Chat GPT discusses the harebrained list of inconsistent codes that CMS proposed to take off the CLFS because they are purely software.

###  AI CORNEF - Software, Labs, and Sloppiness  ###

The deeper problem is not just that the CMS extracted-codes list contains a few bad code selections. It suggests CMS has not developed a workable boundary between a stand-alone algorithmic service and an integrated laboratory test that happens to use software.

Several listed codes plainly describe wet-lab or specimen-based work, not merely reanalysis of an existing digital data set. For example:

  • 0511U includes tumor-cell culture in a three-dimensional microenvironment and testing against 36 or more drugs.

  • 0208U includes mRNA expression analysis from a fine-needle aspirate.

  • 81416 is comparator-exome sequence analysis. 

  • They mean 81417 but that's not what they wrote.)

  • Several image-analysis codes expressly depend on histology or immunohistochemistry features.

Those are not clean examples of software operating independently on previously generated data.

And once CMS accepts the idea that the algorithmic portion of an integrated test can be conceptually peeled away from the laboratory portion, the policy potentially reaches a huge share of modern oncology testing—not just ten codes. Tempus, Caris, Foundation, Exact Sciences, and many others combine specimen processing, sequencing, pathology, clinical variables, and proprietary computation. CMS would need to explain why one integrated test remains a CDLT while another becomes a separately payable “other diagnostic test.”

The policy could also create perverse operational incentives. A company might be rewarded for generating its own slides, sequencing data, or IHC results as part of an integrated laboratory service, rather than accepting standard external DICOM images or other digital inputs for analysis. Conversely, companies might redesign code descriptors and billing arrangements merely to preserve CLFS treatment or avoid contractor pricing. That is not technological neutrality; it is Medicare shaping laboratory architecture and corporate workflow through an unstable coding distinction.
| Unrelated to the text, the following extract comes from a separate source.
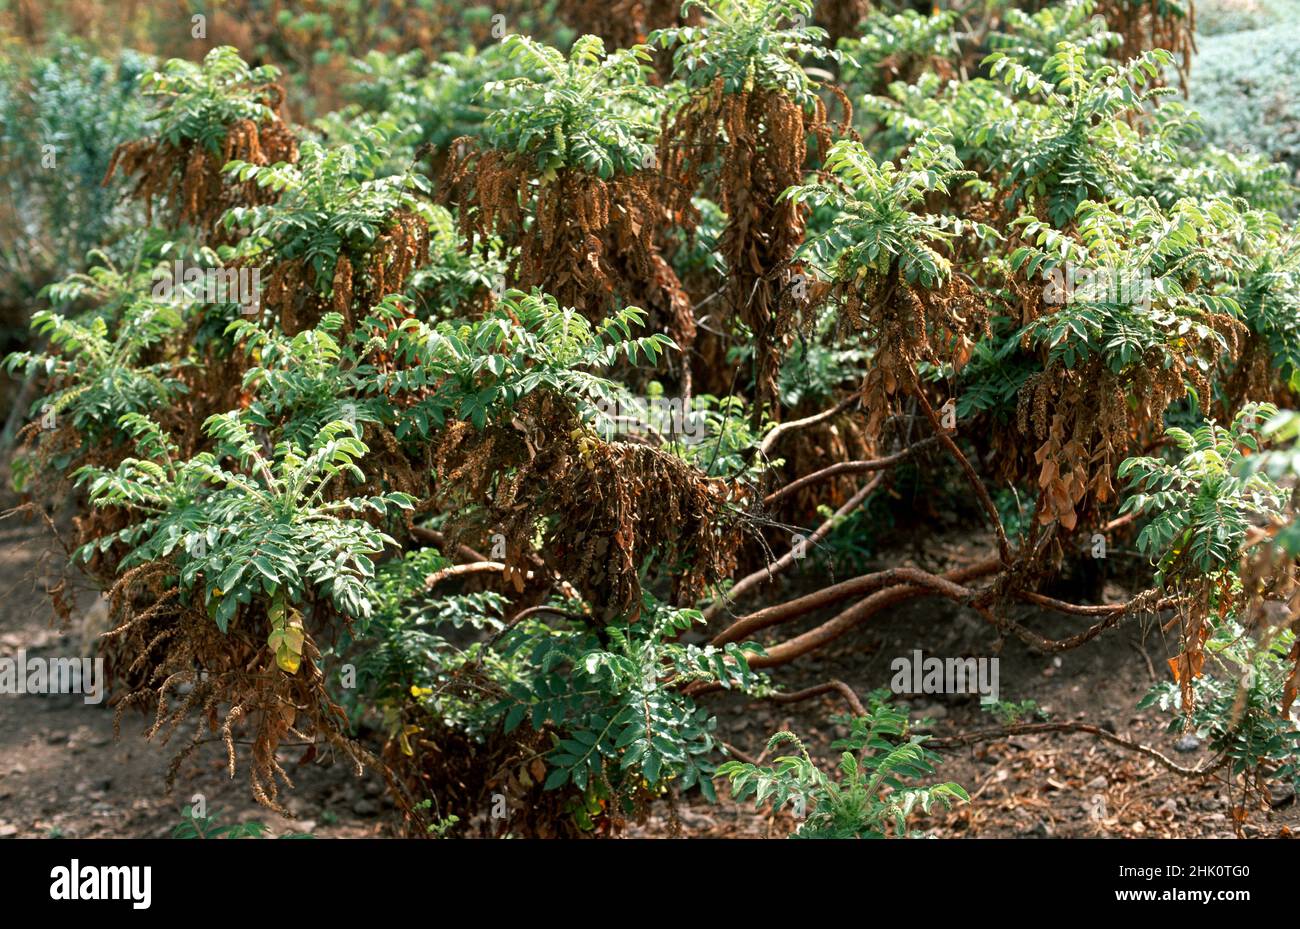 Bencomia de monte (Bencomia caudata) is a shrub endemic to Macaronesia (Gran Canaria, Tenerife, La Palma and Madeira). This photo was taken in Canary Stock Photo

The fact that the PFS proposal repeats the same peculiar list used in the OPPS proposal—despite the obvious wet-lab content—makes it look less like a carefully validated legal and technical classification and more like a text search for descriptors containing words such as “algorithmic” or “image analysis.” CMS itself says the ten codes were identified from their CPT descriptors, which may explain how the list was assembled, but it does not make the classification defensible.